Ничего особенного не случилось, не волнуйся.
Кстати, я получил грант, о котором ты спрашивала. Все-таки я могу позволить себе кое-что необычное. Моя научная репутация и не такое выдерживала. Мне только на пользу то, что с нами (со мной и моими учениками) происходит. Если это услышать, можно найти просветление и очищение. Если услышать…
Когда это началось? Старый жрец говорил, что я должна таить это.
Мой путь прихотливее, чем путь жрицы, о египтянин.
Не знаю, когда это будет.
Не знаю, кто это.
Но я вижу.
Я поднимался по черным ступеням. Потом долго лежал. Боль как будто снилась.
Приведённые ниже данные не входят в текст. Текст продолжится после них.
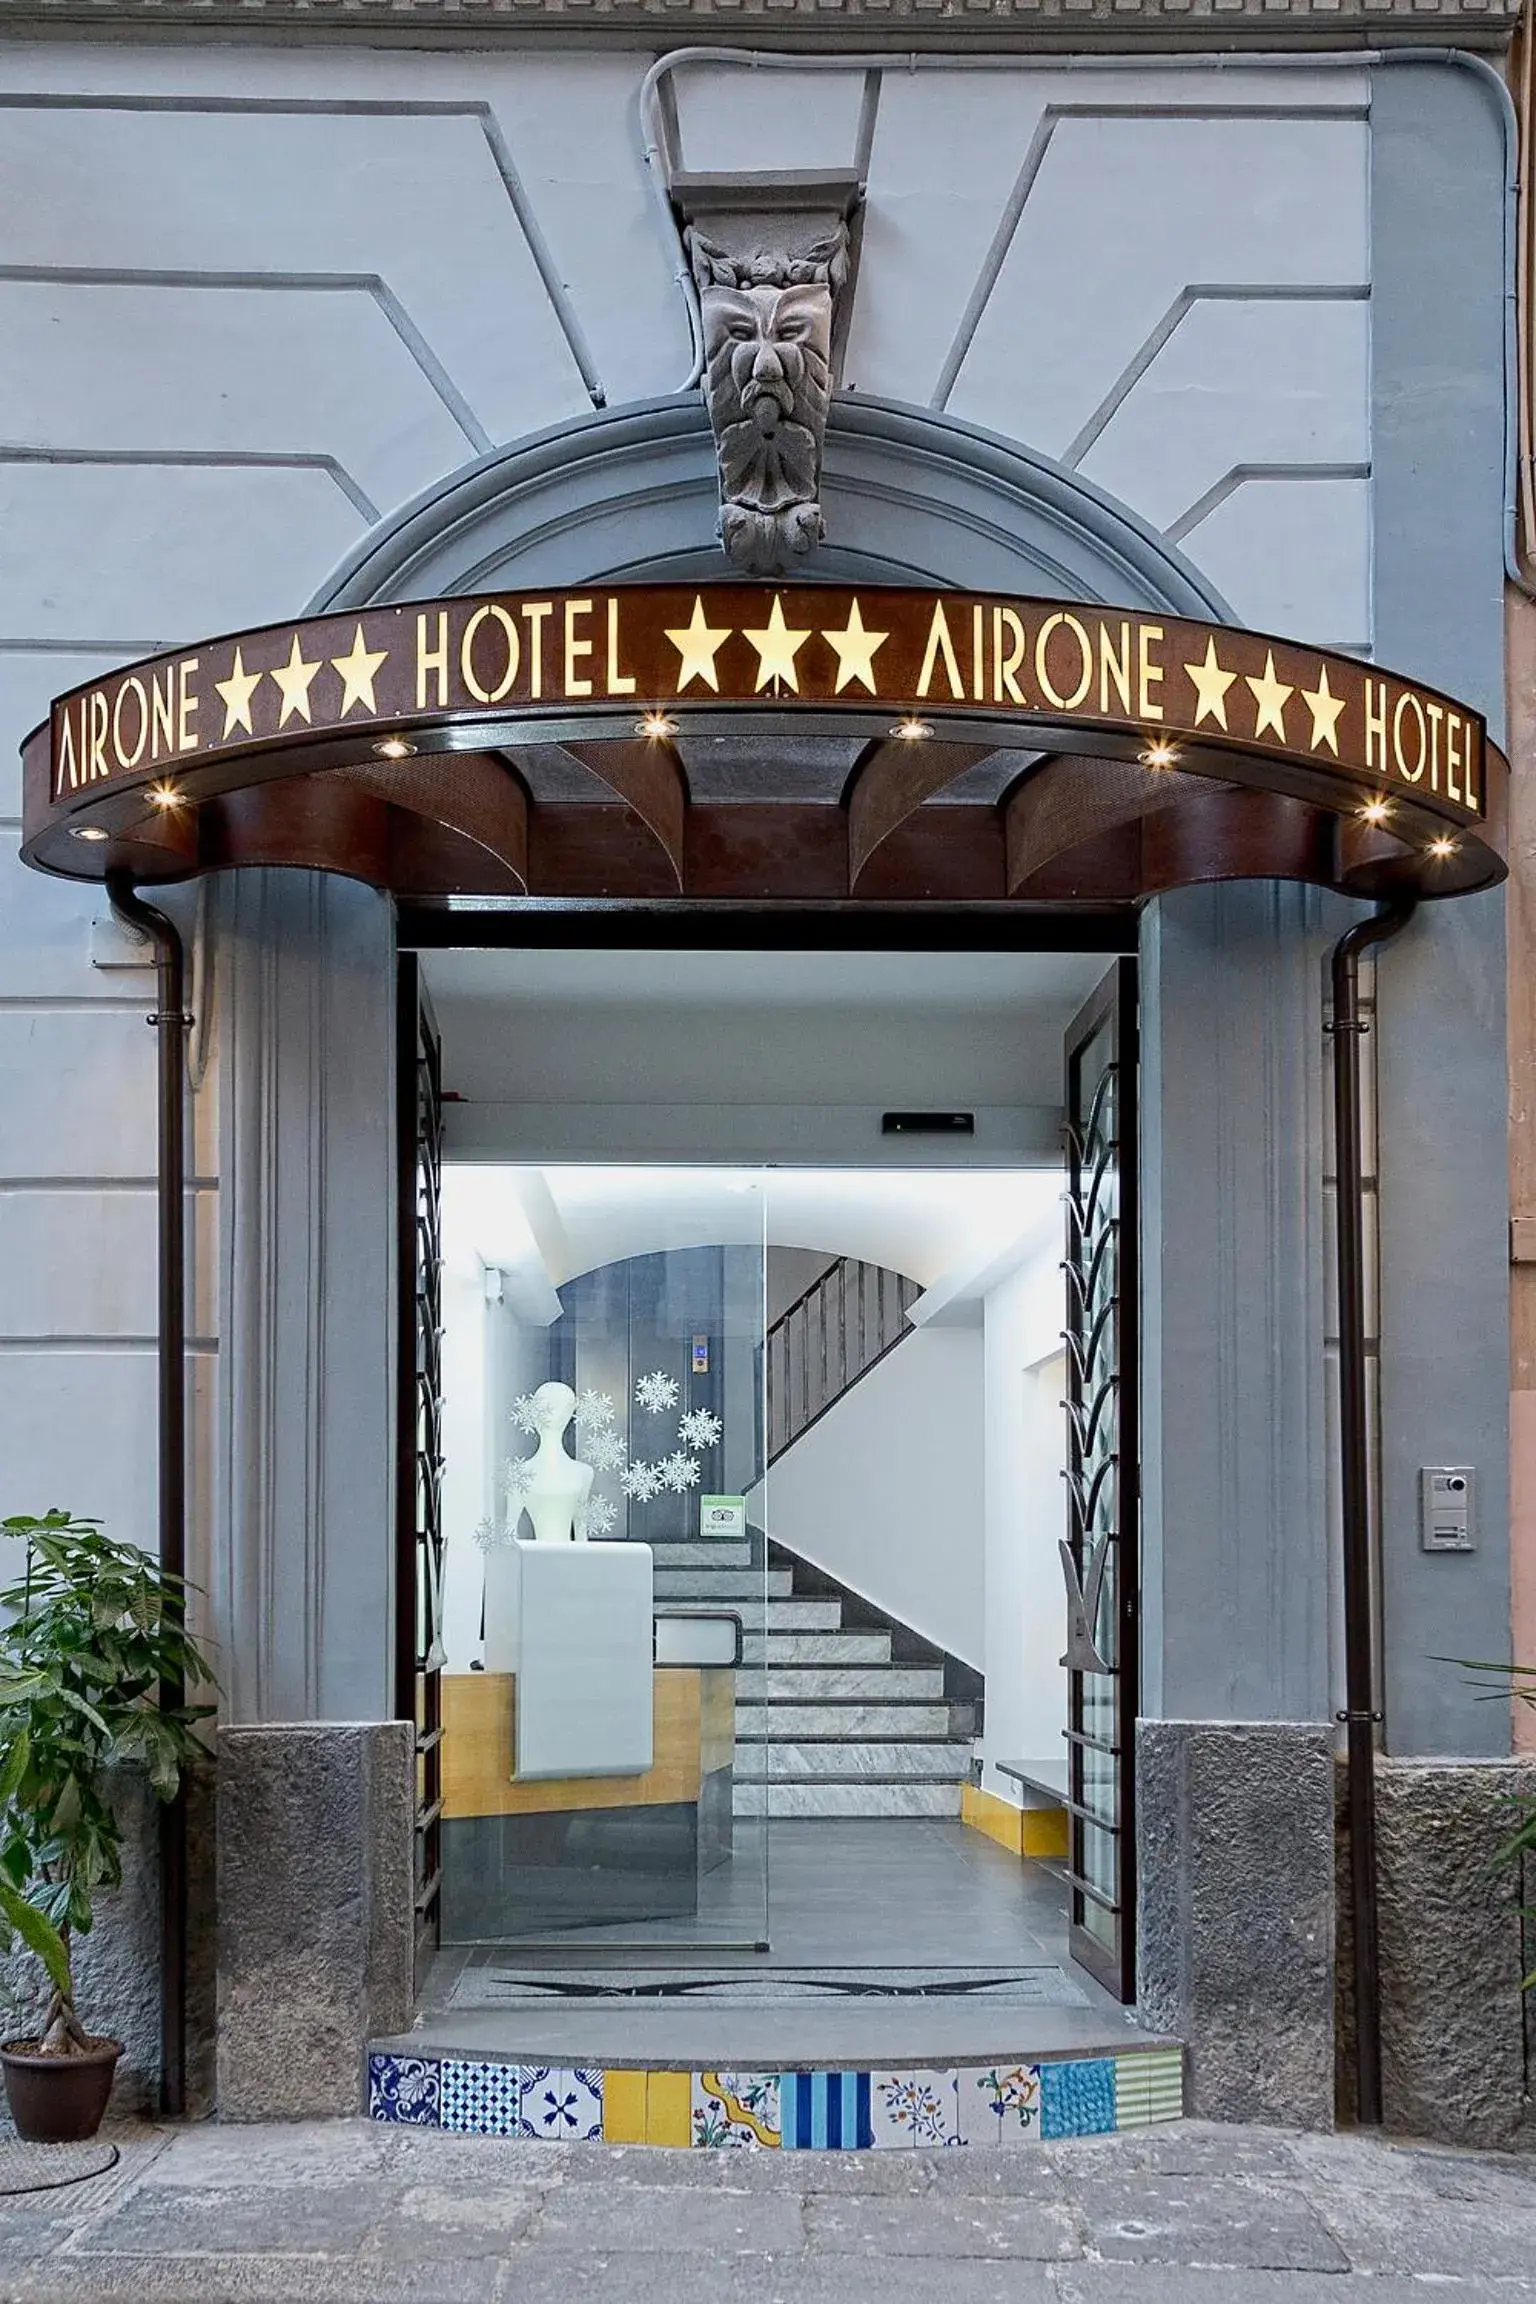 Property logo or sign in Airone Hotel
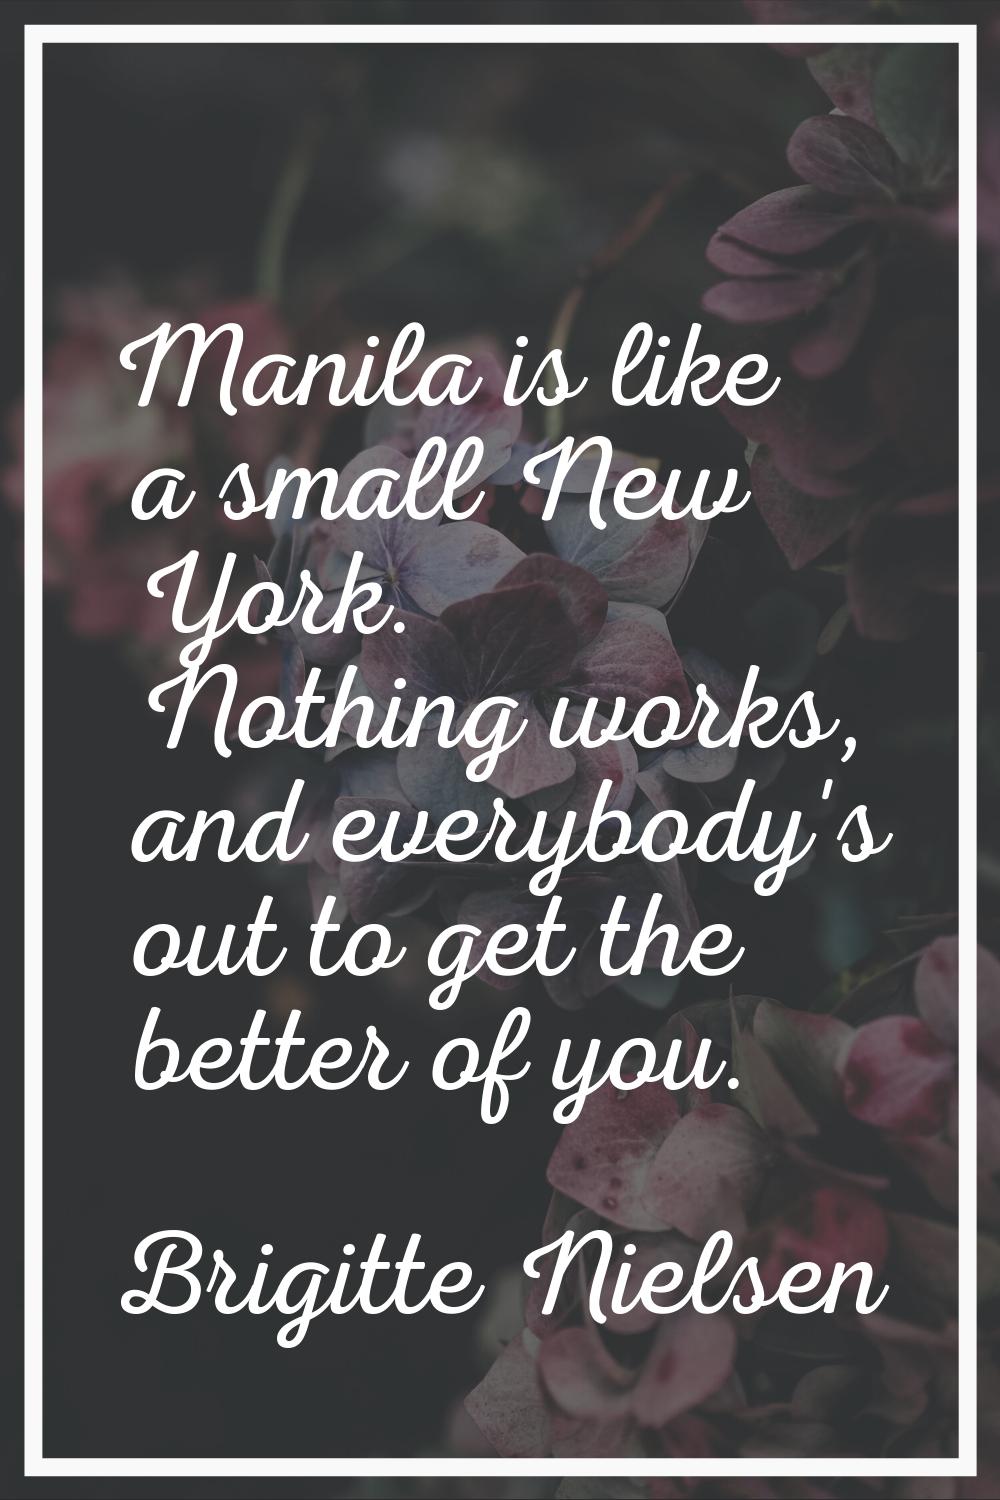 Manila is like a small New York. Nothing works, and everybody's out to get the better of you.

В тяжелом бреду мне казалось, что я какой-то мечущийся комочек нервов, который вся Вселенная жжет и бьет своими вихрями, камнями, холодом, дождем – всем, что есть в ней. И я живу, потому что я – чувство, последнее чувство жизни.
Боль. Мне было невыносимо.
И вдруг в какой-то момент я вспомнил… И встал.
Я снова шел по черным ступеням, оставляя своими ногами в язвах кровь и гной.
Я шел… Я… шел.
Я уже не проклинал.
Внизу безбрежная темнота расползалась по пустыне. И что-то неясное, как призрак, даже не светилось, а слабо мерцало вдали. То ли свет каравана, то ли костра. Может, мне казалось…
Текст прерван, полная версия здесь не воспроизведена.